CNN PRODUCER NOTE Cavewoman75 of Atlanta, Georgia, is excited for the “step forward” in today’s U.S. Supreme Court rulings on same-sex marriage, but ultimately, she and her partner still can’t get married in the state of Georgia. “Immediately, it doesn’t mean anything … there’s no reason for us to run out and get marred because she wouldn’t be able to insure me and the children,” she said. “We still are going to have to go through the route of having an attorney and putting each other in charge of any decisions that may have to happen at some point in life.”
“Of course we want more and full equality in the United States, but as far as being realistic, you have to take things step by step. I also feel like when we do get married, it will be worth our while to have it legally recognized in a place that will grant that right to us,” she said.
- zdan, CNN iReport producer
In Georgia, this ruling changes nothing on a personal level. My partner and I both work for state agencies which don't recognize same-sex relationships. However...WHEN we finally have our wedding, we have incentive to travel to a state which legally sanctions our marriage. If Social Security is still around, one can collect as the other's survivor when one of us inevitably leaves the other on Earth.

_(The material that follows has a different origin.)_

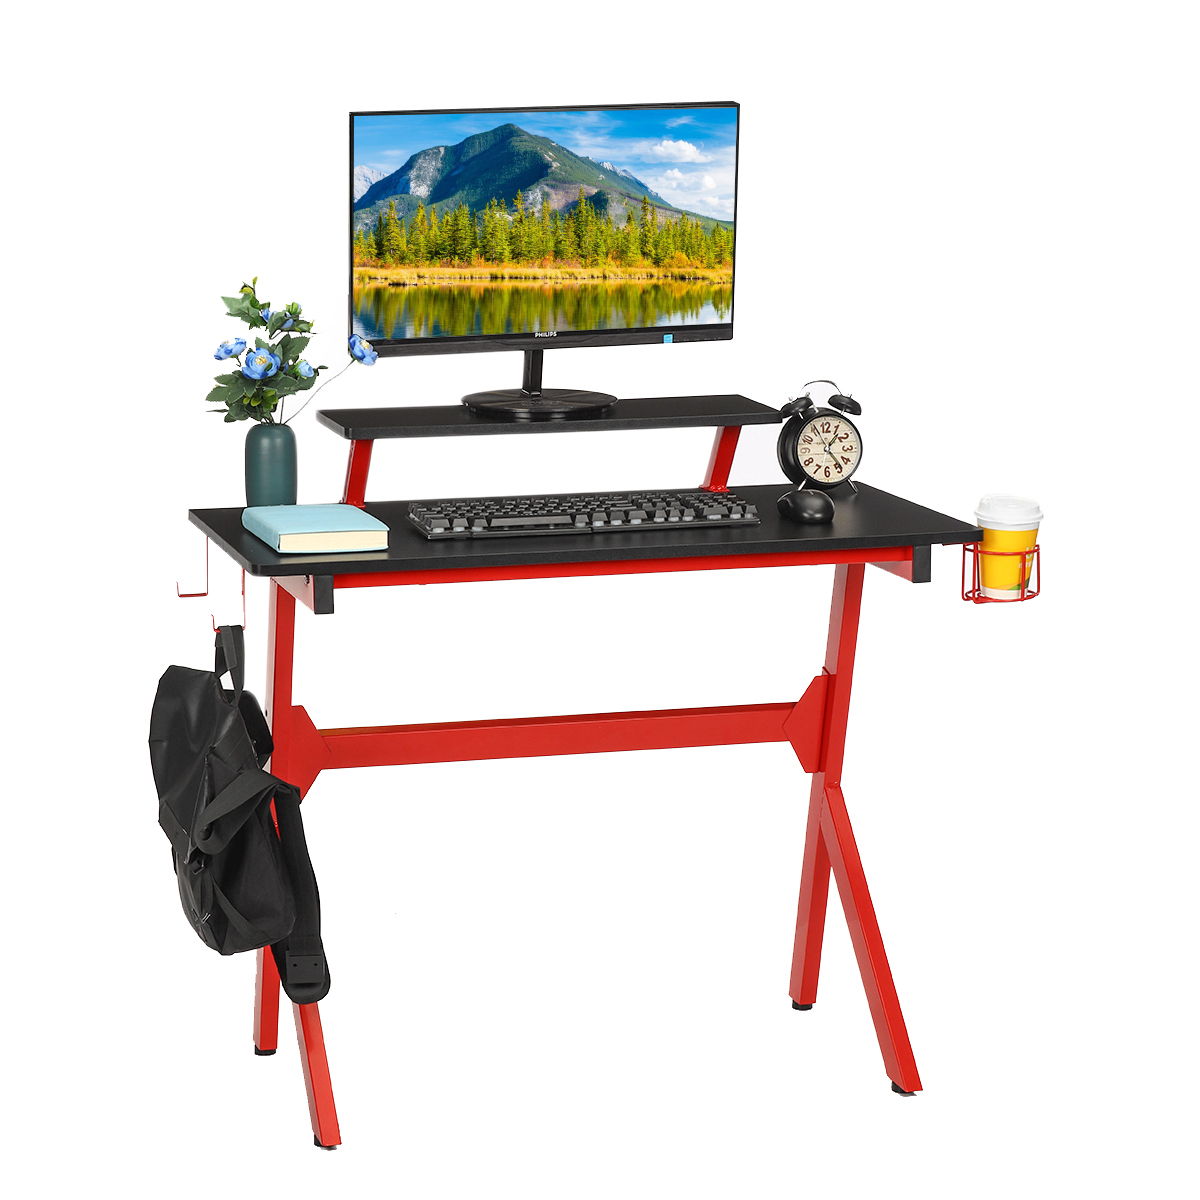 Find Hoffree Ergonomic Gaming Desk E sports Computer Office Table PC Laptop Desk Gamer Tables with Cup Holder for iMac for Sale on Gipsybee.com with cryptocurrencies
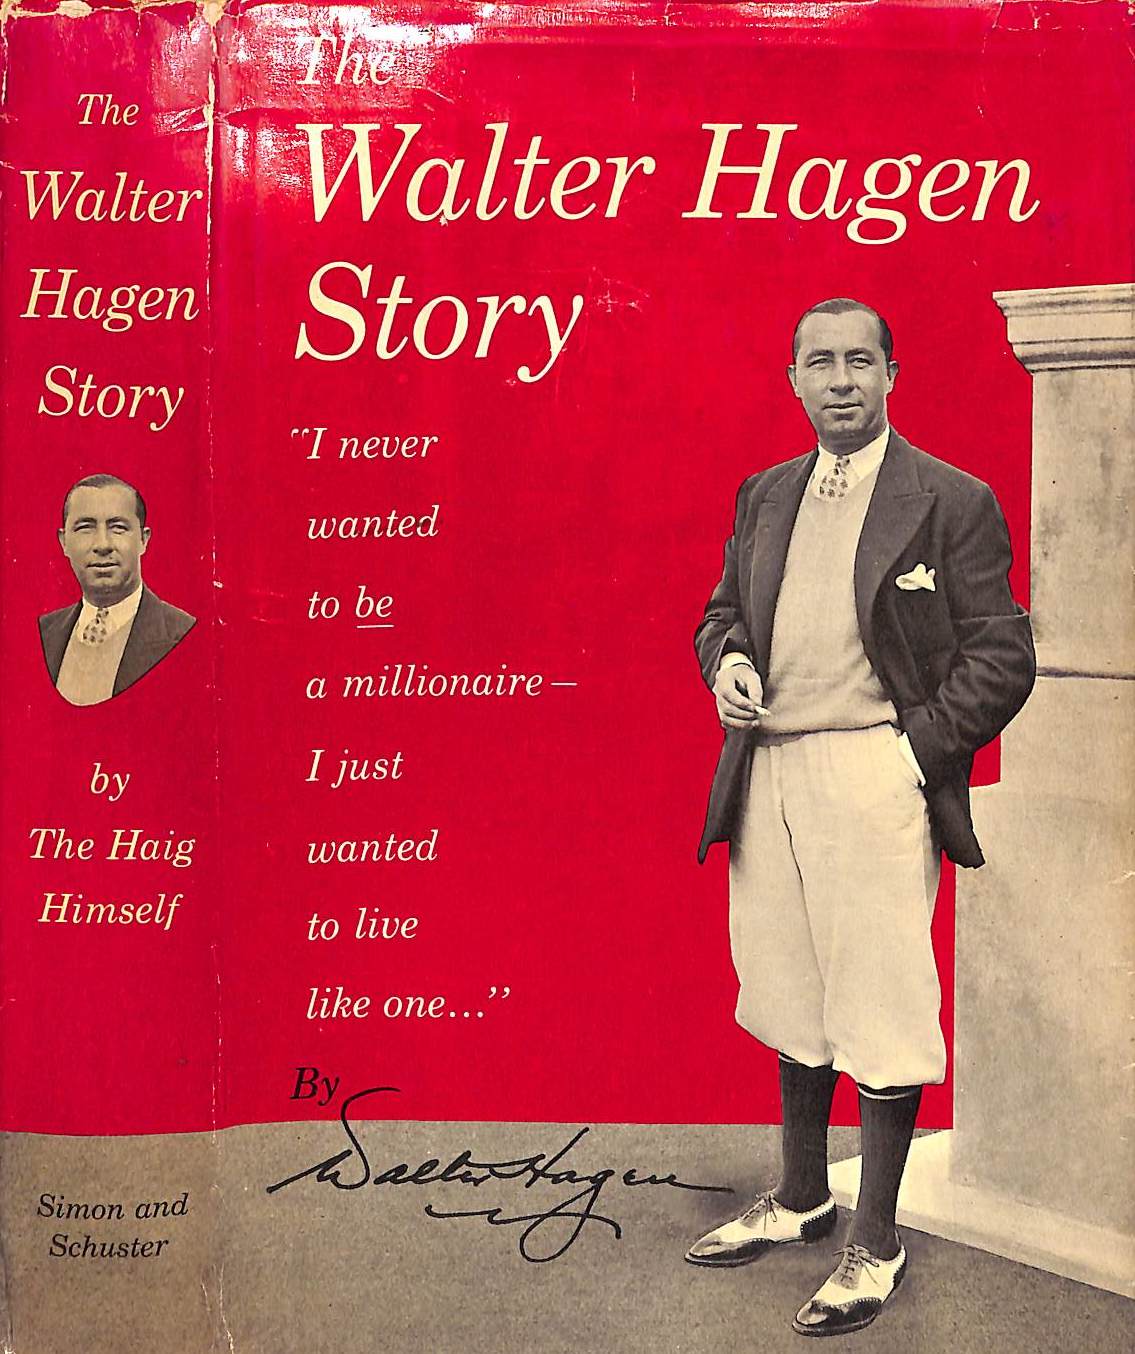 "The Walter Hagen Story By The Haig, Himself" 1956 (SOLD)

It's not much, but every little bit will help. We'll also get to enjoy a tax increase as a married couple filing jointly. Despite the increase, it is still nice to know we will pay into something which treats us equally. Best of all, should I wind up working in a federal agency in the future, I will be able to support my wife the way I would if she were a husband. Despite limitations in GA (or any other state refusing to acknowledge same-sex marriage), this is all better than what we had with DOMA in place. In the meantime, I see it's still imperative we pay all the extra dollars to name each other as power-of-attorney, beneficiary, etc. It will cost us way more to have a lawyer arrange these minimal unequal rights for us, but since tomorrow isn't guaranteed, we can't just wait for this in this state. We are still subject to second-class citizenhood on our most immediate level.